Measurement of accumulated radioactivity and autoradiography (ARG) of the excised tumors

After the in vivo imaging, the mice were killed, and the tumors were carefully excised. The excised tumors were immediately weighed, and their radioactivity was measured by means of a dose calibrator (IGC-7; Aloka Co., Ltd., Tokyo, Japan) or an Auto Well Gamma System (ARC-380CL; Aloka). Then, the tumors were embedded in OCT compound (Sakura Finetek Japan, Tokyo, Japan), frozen and cut into 6-μm-thick sections for hematoxylin–eosin staining and 20-μm-thick sections for ARG using a cryomicrotome (CM 3050S; Leica Instruments, Germany). The sections were prepared in the same direction of SPECT slice. The section corresponding to the SPECT image was selected according to the slice thickness and used for ARG. For ARG, the samples were placed in contact with an imaging plate (MS2040; Fujifilm Co., Tokyo, Japan), and the exposed imaging plates were analyzed with an FLA-7000 reader (Fujifilm Co.) and Multi Gauge v3.0 software (Fujifilm Co.).

Results

Initially, we evaluated the performance of the scanner for spatial resolution and sensitivity under ideal conditions. Figure 1 shows the SPECT images and their count profile curves of a Jaszczak phantom filled with 111InCl3 solution as high as 50 MBq/mL. Under the conditions of high radioactivity, long acquisition time, and reconstruction parameters for fine image quality (condition A), the resolution obtained was excellent.
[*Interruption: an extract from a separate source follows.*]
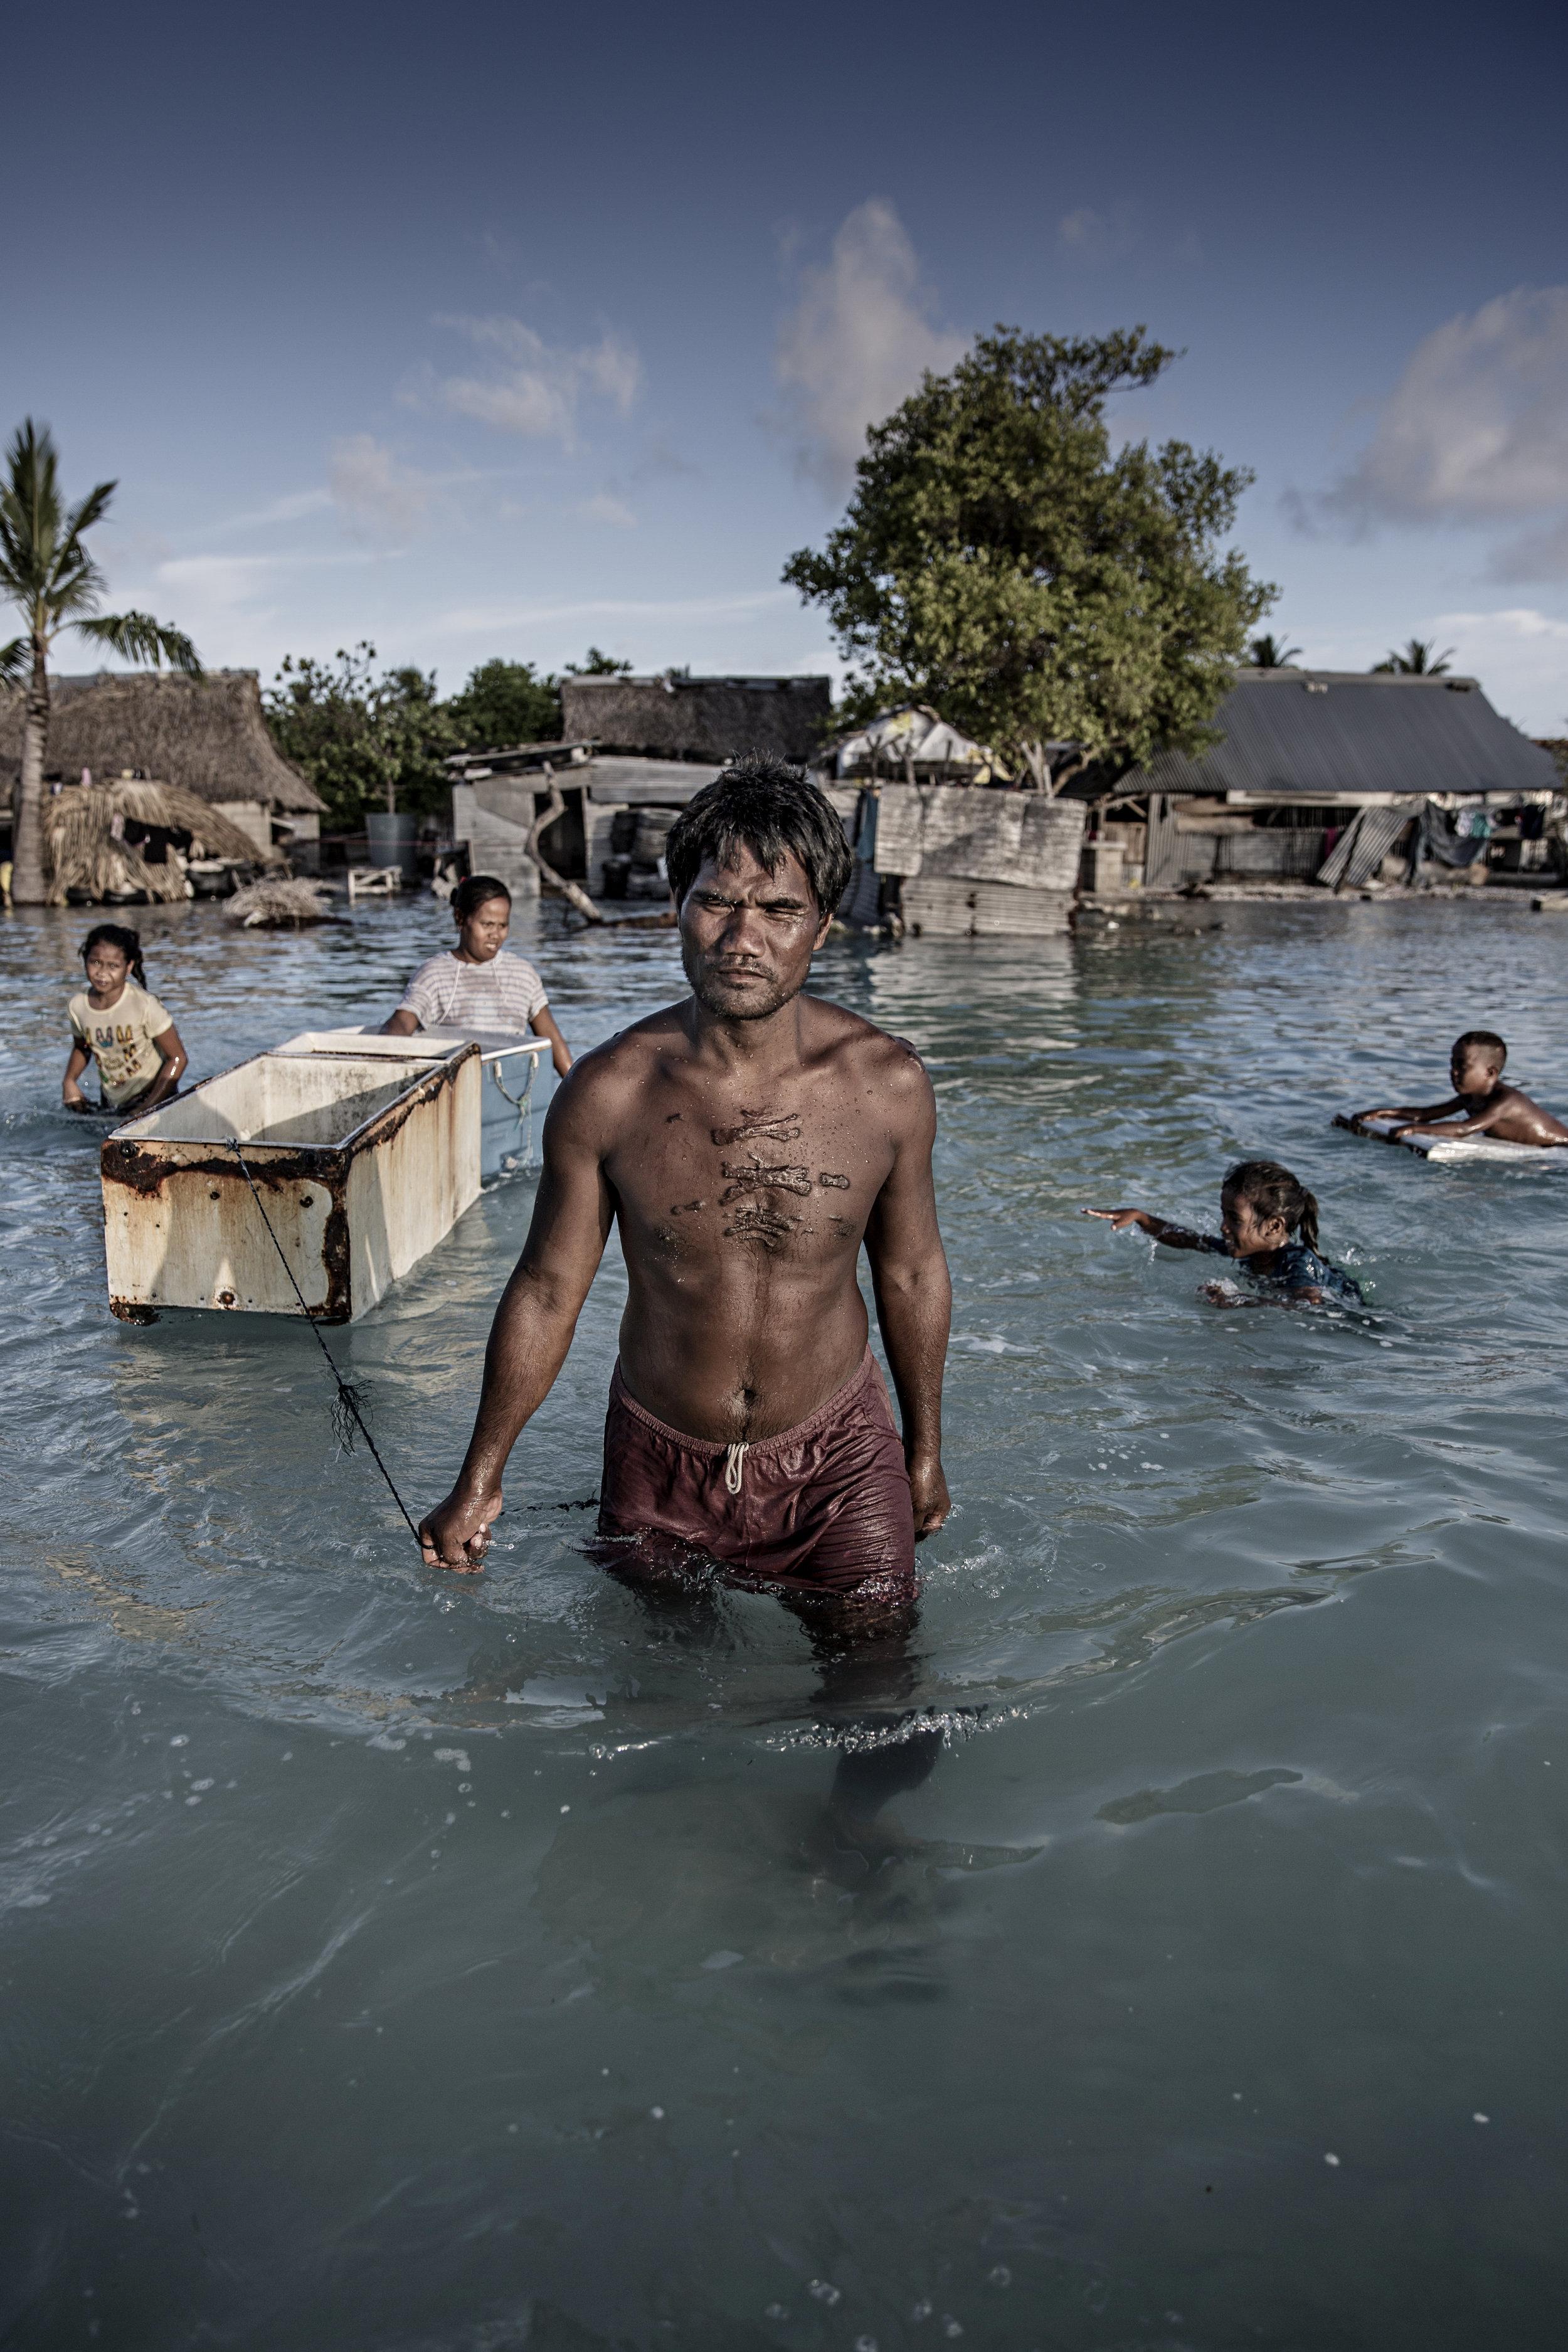 The sea floods the land / Kiribati - 2015

Hot rods as thin as 1.0 mm on the SPECT images were separately visualized using both 1.0- and 1.4-mm pinhole apertures (Fig. 1a, b). The resolution was slightly better using pinhole apertures of 1.0-mm diameter than of 1.4-mm diameter by count profile curve analysis, but there was little difference on visual evaluation. On the other hand, the sensitivity of the 1.4-mm pinhole apertures was 2.0 kcps/MBq for 111In, which was two times higher than that of the 1.0-mm pinhole apertures (0.97 kcps/MBq).

Fig. 1
figure 1

SPECT images of an 111In Jaszczak phantom and their count profile curves under the best performance condition. The Jaszczak phantom was filled with 111InCl3 of 100 MBq (50 MBq/mL), and images were obtained on a SPECT scanner equipped with pinhole apertures with diameters of 1.0 mm (a) and 1.4 mm (b, c). Projection data were acquired with 128 directions over 360° covered by four detectors (32 directions × 4 detectors). Total acquisition counts were set at 300 Mcounts. The acquired projection data were reconstructed using InVivoScope software based on ordered subset expectation maximization (OSEM) with two distinct conditions, A (a, b) and B (c)
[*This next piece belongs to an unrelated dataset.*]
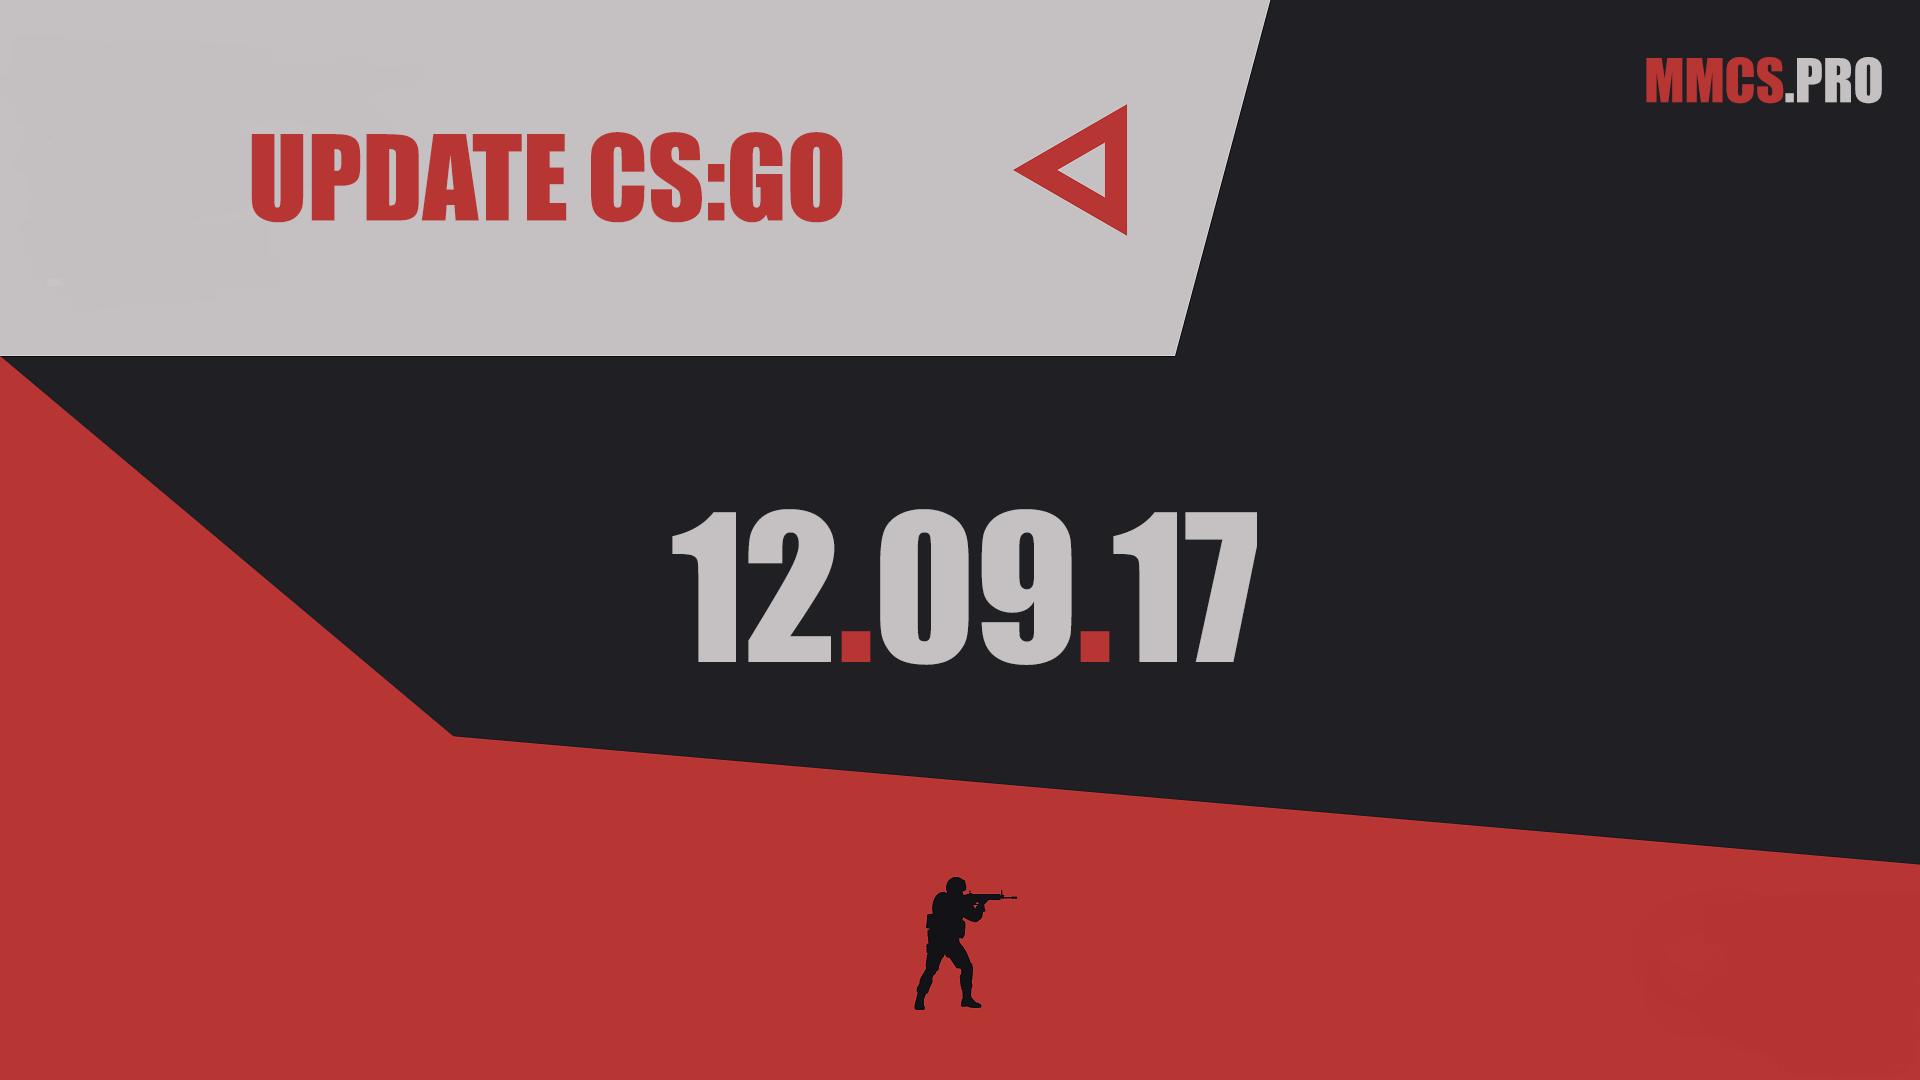 https://mmcs.pro/update-csgo-12-09-2017-valve/

The reconstruction parameters (noise suppression, voxel size, and iteration/subset number) had considerable influence on the images. Figure 1b, c shows images that were obtained from the same projection data but were reconstructed under different conditions. Figure 1b was reconstructed under condition A and Fig. 1c under condition B. The condition A image showed higher resolution than the condition B image when sufficient counts were acquired, as in the system performance evaluation experiments. However, ideal acquisition conditions were not possible in the animal imaging experiments, because a large radioactive dose cannot be administered to small animals and the animal position cannot be kept stable for such a long time. Therefore, phantom experiments simulating in vivo small animal imaging were performed.
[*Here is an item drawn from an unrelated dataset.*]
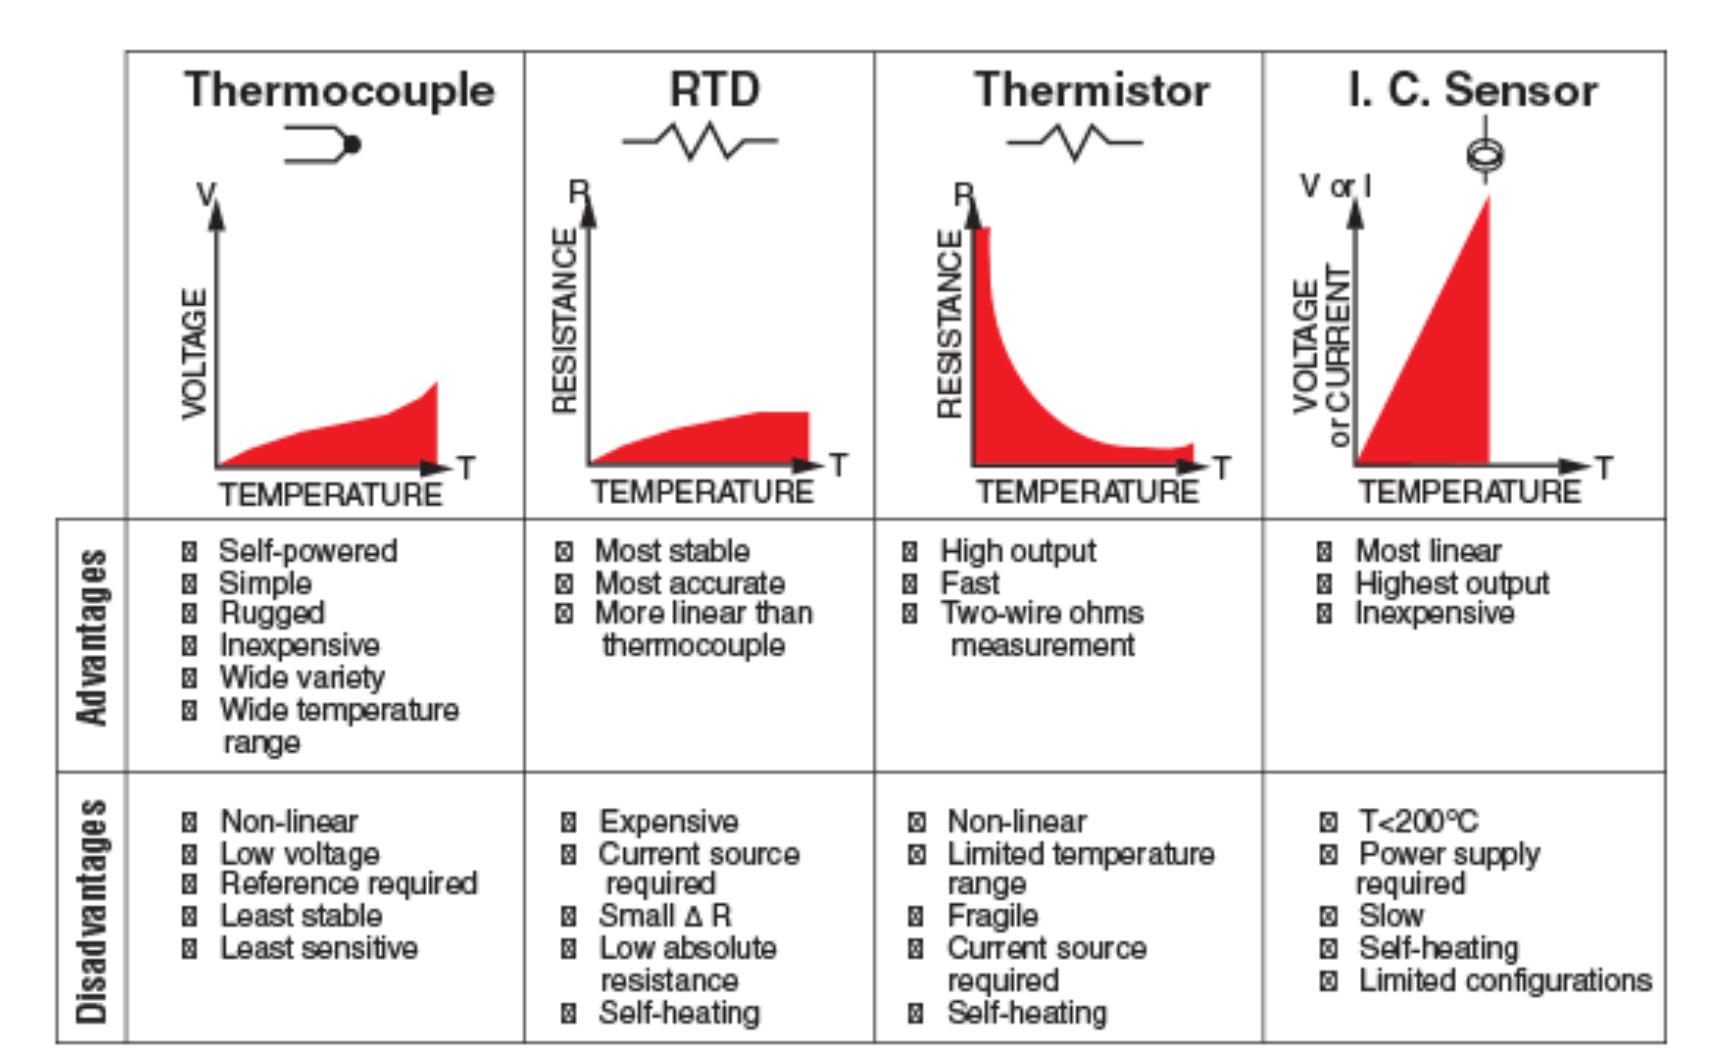 LM35 Temperature Sensor Principle - Temperature Measurement

A Jaszczak phantom was filled with 111InCl3 solution of 10 MBq (5 MBq/mL), and images were acquired for 5–120 min using 1.0- and 1.4-mm pinhole apertures. The acquired data were reconstructed with two different conditions, conditions A and B described above. Under these experimental conditions, images acquired with the 1.4-mm pinhole apertures were always better than those acquired with the 1.0-mm apertures (data not shown). The images acquired with the 1.4-mm pinhole apertures are shown in Fig. 2. The SPECT images reconstructed with condition B (upper row in Fig. 2) always showed higher resolution than those reconstructed with condition A (lower row), unlike the images shown in Fig. 1b, c. Under condition B, the spatial resolution greatly depended on acquisition time, specifically, on total acquisition counts. An acquisition time of 30 min provided images with acceptable spatial resolution of 1.3–1.4 mm under the experimental conditions.

Fig. 2
figure 2

SPECT images of an 111In Jaszczak phantom under conditions simulating in vivo small animal imaging. The Jaszczak phantom was filled with 111InCl3 of 10 MBq (5 MBq/mL), and the images were acquired for 5–120 min with 1.4-mm pinhole apertures and 24 (6 × 4) directions. The acquired data were reconstructed with conditions A (lower row) and B (upper row) using InVivoScope software

We also evaluated the lower limit of radioactivity for visualization. Syringe phantoms were filled with 111InCl3 solution with concentrations of 0–5.0 MBq/mL for simulated animal imaging. Image data were acquired for 30 min and reconstructed using condition B. Figure 3a shows axial images of the syringes filled with 0.1–5 MBq/mL, and Fig. 3b shows images of the syringes filled with 0–0.5 MBq/mL. Under these conditions, the syringes with radioactivity concentrations lower than 0.1 MBq/mL could not be visualized on the reconstructed SPECT images irrespective of the scale range. Therefore, the threshold for visualization of 111In was estimated to be 0.2–0.5 MBq/mL (MBq/g) under these test conditions.

Fig. 3
figure 3

The minimum radioactivity threshold for visualization and quantitative linearity of SPECT images. Six 1-mL plastic syringes were filled with 111InCl3 of 0.1–5.0 MBq/mL (a, c) or 0–0.5 MBq/mL (b, d), and their SPECT images were acquired. Regions of interest of the same size were placed on each syringe based on the superimposed CT images, and the radioactivity was measured (SPECT value). a, b Axial SPECT images of the phantoms. c, d The correlation between 111InCl3 concentration and the SPECT value

The quantitative linearity of the SPECT images was also examined. ROIs of the same size were placed on each syringe based on the superimposed CT images, and their radioactivity was measured (SPECT value). Figure 3c, d shows the correlation between the radioactivity concentration of 111InCl3 and the SPECT value. For both concentration ranges described above, including the points under 0.1 MBq/mL, excellent linearity was shown (R 2 > 0.99).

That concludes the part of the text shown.